The charismatic son of Pierre Elliott Trudeau, the iconic leader of Canada from 1968 to 1984, Justin Trudeau spent his first 12 years at 24 Sussex Drive, the official residence of the Prime Minister. He taught mathematics and English before entering politics and was elected to parliament from Montreal in 2008. Like his father, he skis, boxes and canoes.
Now 43, the same age John F. Kennedy became president, he is Canada's second-youngest prime minister. His astounding success follows the longest national campaign since 1872 in which Canadians routed the ruling Conservatives, ending a divisive decade in power while embracing a Liberal Party which was thought to be in free fall.
For the Conservatives, led by the dour Stephen Harper, it is a stunning rebuke. For the Liberals, led by the sunny Trudeau, it is a stunning reversal. And for Canada, it is a return to a familiar past in politics and personality, after 10 years of a modestly right-of-center government in a modestly left-of-center country.
It was anything but a sure thing. At the beginning of the campaign, Trudeau's popularity was falling. The Conservatives had launched a multimillion-dollar negative advertising campaign that claimed he was "just not ready."

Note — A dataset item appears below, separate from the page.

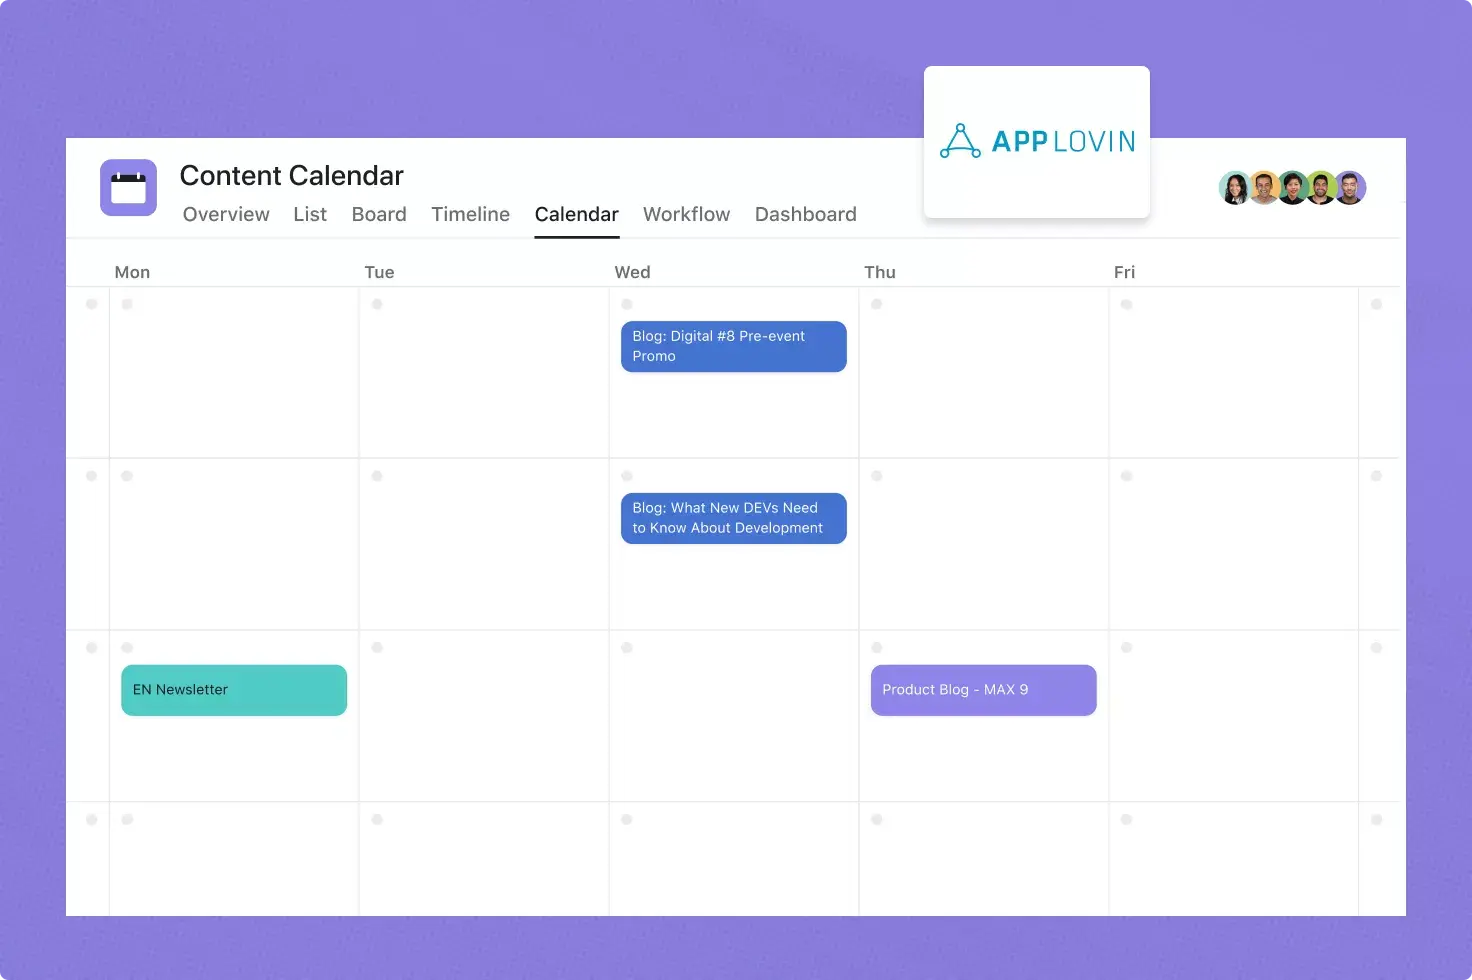 Szablon kalendarza publikacji firmy AppLovin – zrzut ekranu

The point was to portray the youthful Trudeau, who once had an unruly haircut, as an amateur, callow and hollow. While former Prime Minister Brian Mulroney warned his fellow Conservatives not to underestimate him, a senior Conservative said expectations were so low of Trudeau that he would only have to arrive at the first of the leaders' debates "with his pants on."

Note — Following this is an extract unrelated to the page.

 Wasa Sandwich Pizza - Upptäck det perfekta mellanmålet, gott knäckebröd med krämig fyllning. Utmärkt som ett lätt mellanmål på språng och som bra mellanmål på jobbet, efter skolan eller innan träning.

Trudeau not only showed up fully clothed, he excelled in all the debates over the 78-day campaign. Turning the negative ads to his advantage, Trudeau declared in television commercials of his own that he was "not ready" for another four years of the Conservatives.
Nor were Canadians. In defeating the government, they made another Trudeau prime minister, renewing a succession as dynastic as a Bush or Clinton ascending to the presidency. They also returned political power in Canada to an exclusive two-party affair between the Liberals and Conservatives.

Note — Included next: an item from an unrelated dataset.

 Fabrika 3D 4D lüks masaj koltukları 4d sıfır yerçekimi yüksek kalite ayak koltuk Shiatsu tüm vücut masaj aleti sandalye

Canadians rejected a campaign of Conservative fear-mongering, which suggested that Syrian refugees were terrorists, that the wearing of the Niqab by Muslim women was a threat to Canadian values, and that the economy would fall into recession under the Liberals.
Canadians ignored that. Instead, decisively and enthusiastically, they returned to a Liberal Canada that promises to be more moderate, confident, tolerant and ambitious.
Although polls had shown the Liberals pulling ahead in the last week, few predicted the scale of their victory. It was crushing. They won every seat in the four provinces of Atlantic Canada, more than half the seats in French-speaking Quebec and more than two-thirds of the seats in diverse, industrial Ontario. They won all the northern seats, as well as many in Western Canada, where the Liberals are traditionally weak.
In Calgary, the heart of conservative, oil-rich Alberta, they won their first seats since 1968. In British Columbia, on the West Coast, the party won its most seats in 40 years.
In Canada's new Parliament of 338 seats, the Liberals will have 184 seats, the Conservatives 99, the New Democratic Party 44. The rest are divided among the Green Party and the secessionist Bloc Québécois.
It means the Liberals can govern for four years with a free hand to implement a big agenda on climate change, a commitment to multilateralism and liberal internationalism, tax breaks for the middle class, and a major public works program.
As much as the size of the majority, though, is what it represents. In an October moment, Canada has rejected a government led by Harper, a secretive former economist who had united the country's conservative movement and won three elections since 2006. This time, however, history was against him. No leader has ever won four consecutive elections.
Polls said some 70% of Canadians wanted change. But that meant choosing between the New Democrats, a social democratic party that has never held power in Ottawa, and the Liberals, who have governed for most of Canada's history but suffered their worst defeat in the last election in 2011. As the New Democrats surged early in the campaign, pundits wondered whether the Liberals would survive, should they place third again.
But the Liberals outflanked the New Democrats on the left, promising three years of deficit spending on green energy, roads and bridges, and urban transit, while the NDP cautiously promised to balance the budget like the fiscally hawkish Conservatives they had hoped to displace.
Looking for an agent of change, progressive voters chose the Liberals, not the New Democrats. That party had hoped to realign national politics, which has always chosen between Liberals and Conservatives, both of them traditionally centrist.
Now the New Democrats are in third place, the Conservatives in second, the Liberals in power, led by a man named Trudeau. In Canada, it is back to the future.